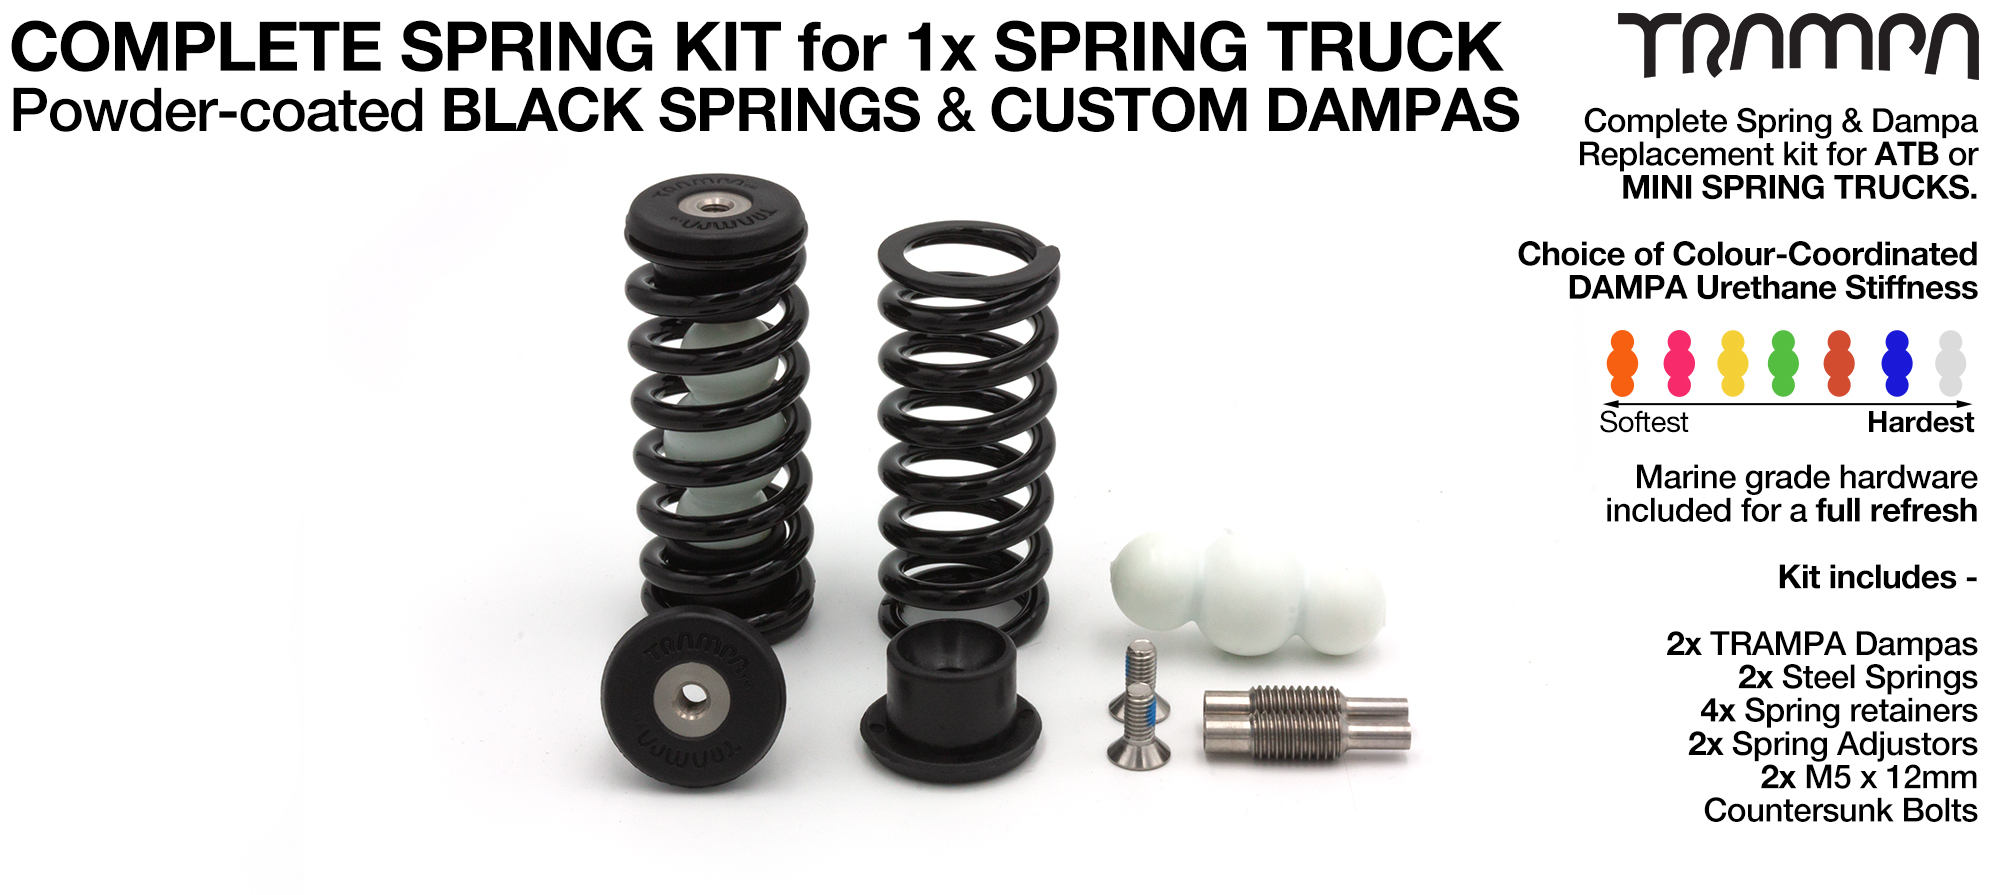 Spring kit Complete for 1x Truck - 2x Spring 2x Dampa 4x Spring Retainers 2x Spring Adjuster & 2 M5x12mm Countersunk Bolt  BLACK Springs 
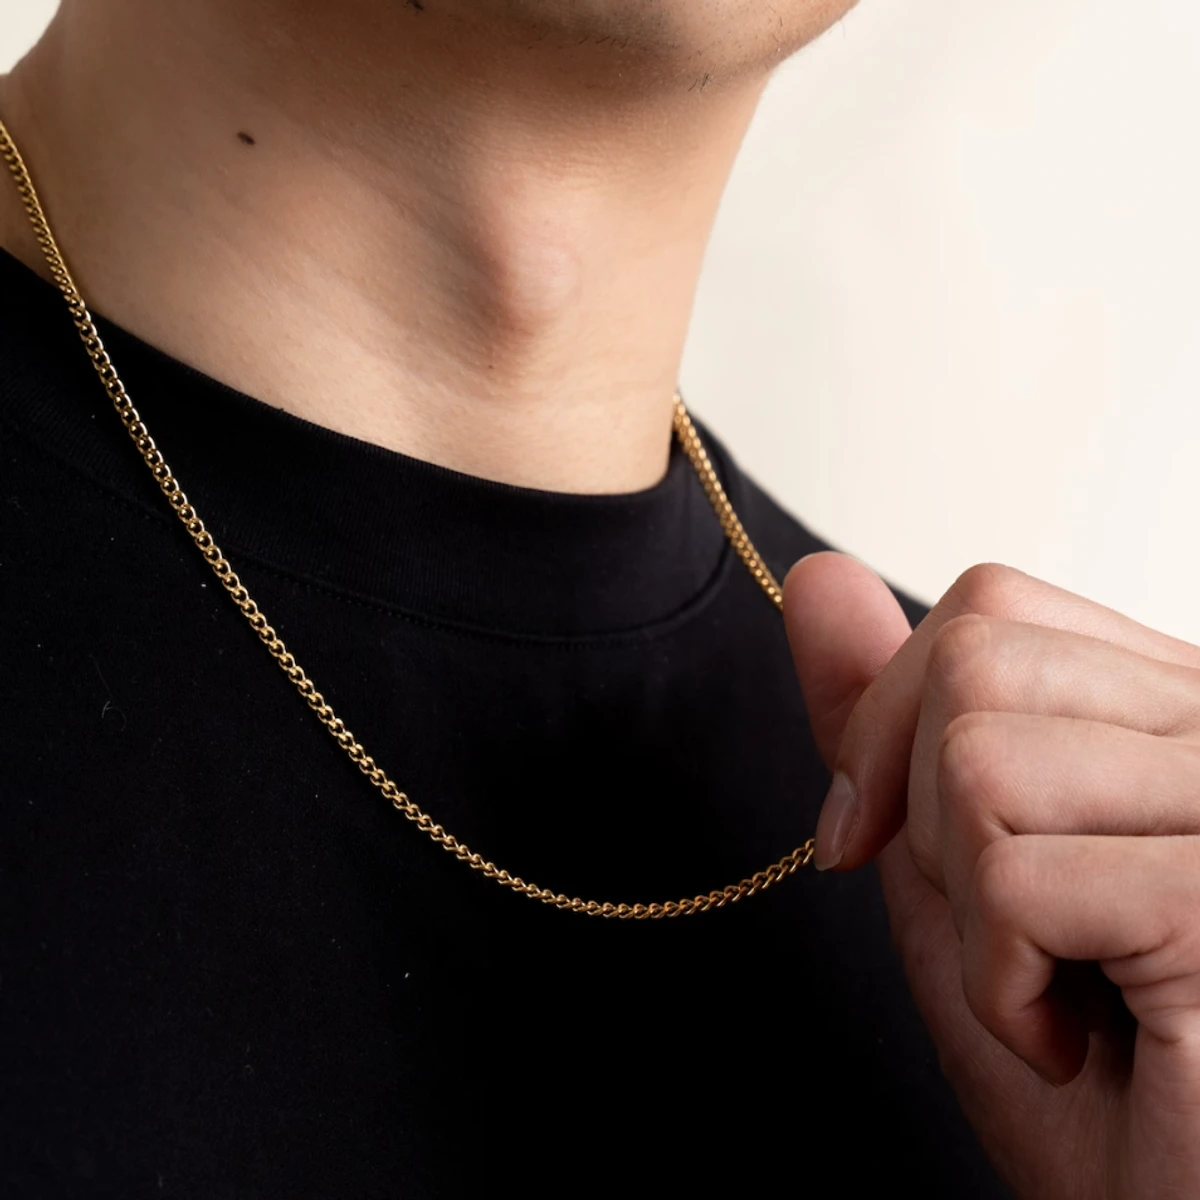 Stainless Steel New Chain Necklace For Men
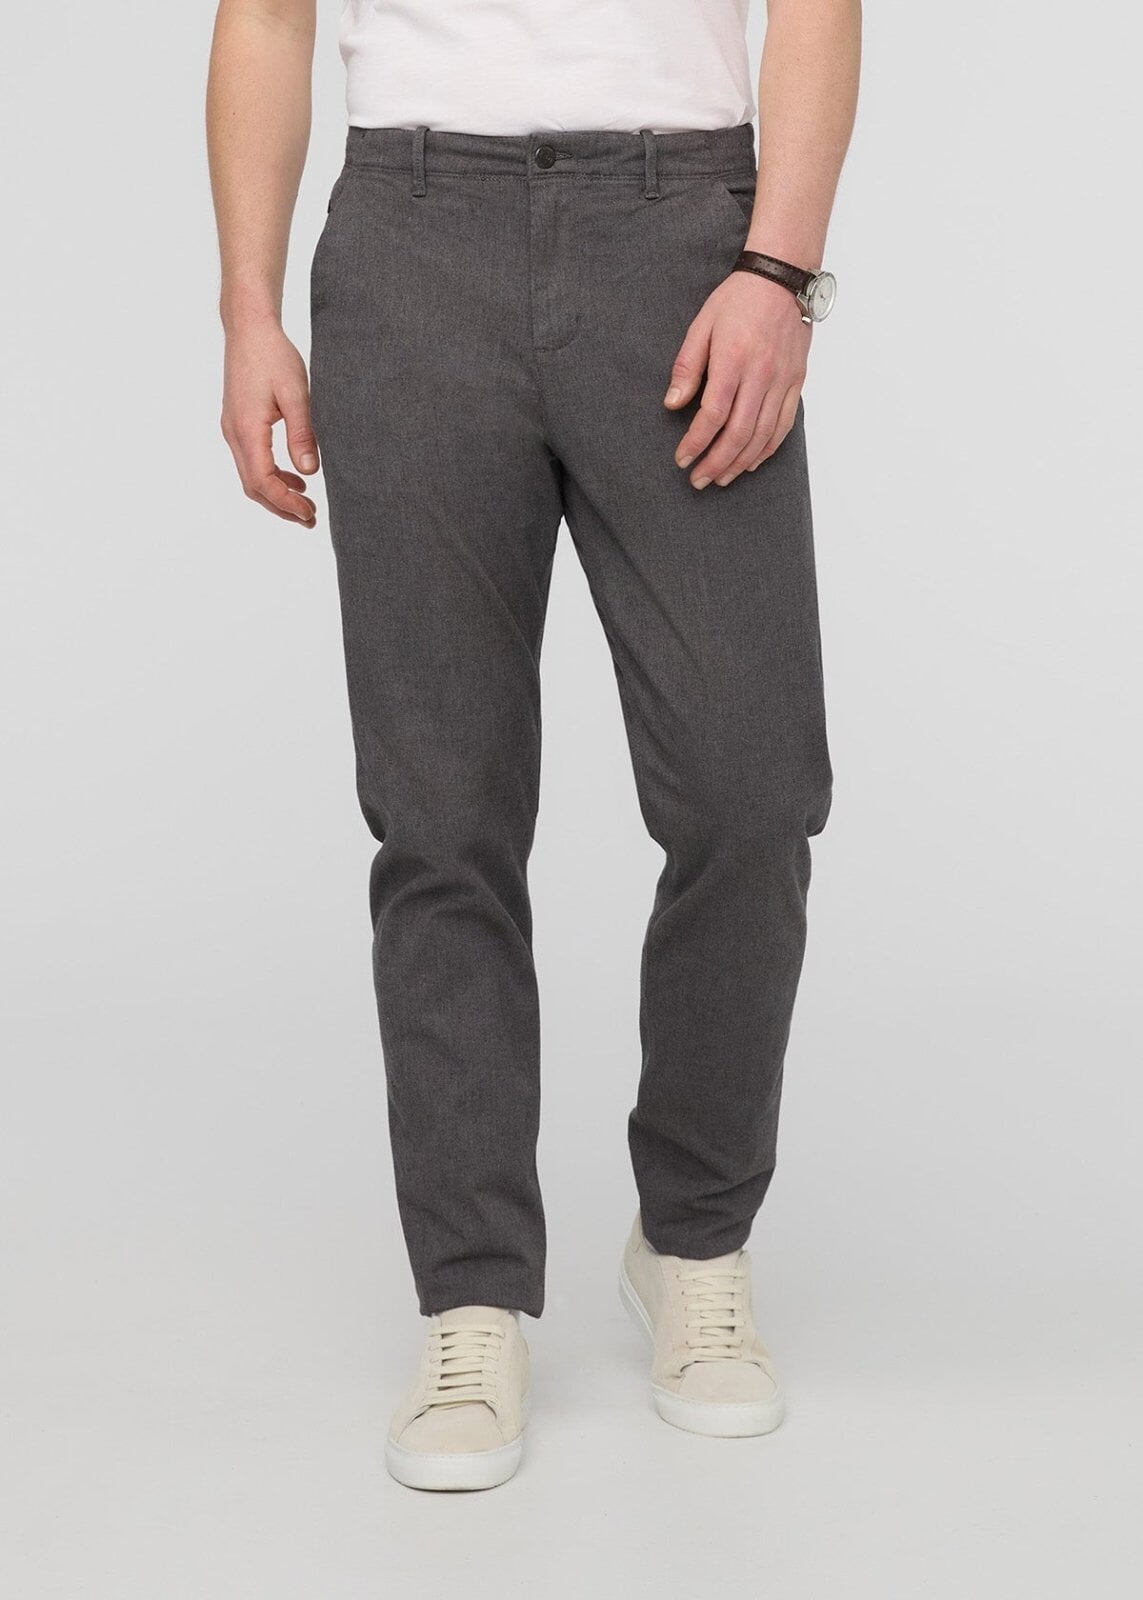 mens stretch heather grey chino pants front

Exercise: A word-for-word repetition of the data above, without pictures, is the expected answer.

The answer:
 Spring kit Complete for 1x Truck - 2x Spring 2x Dampa 4x Spring Retainers 2x Spring Adjuster & 2 M5x12mm Countersunk Bolt  BLACK Springs 
 Stainless Steel New Chain Necklace For Men
 mens stretch heather grey chino pants front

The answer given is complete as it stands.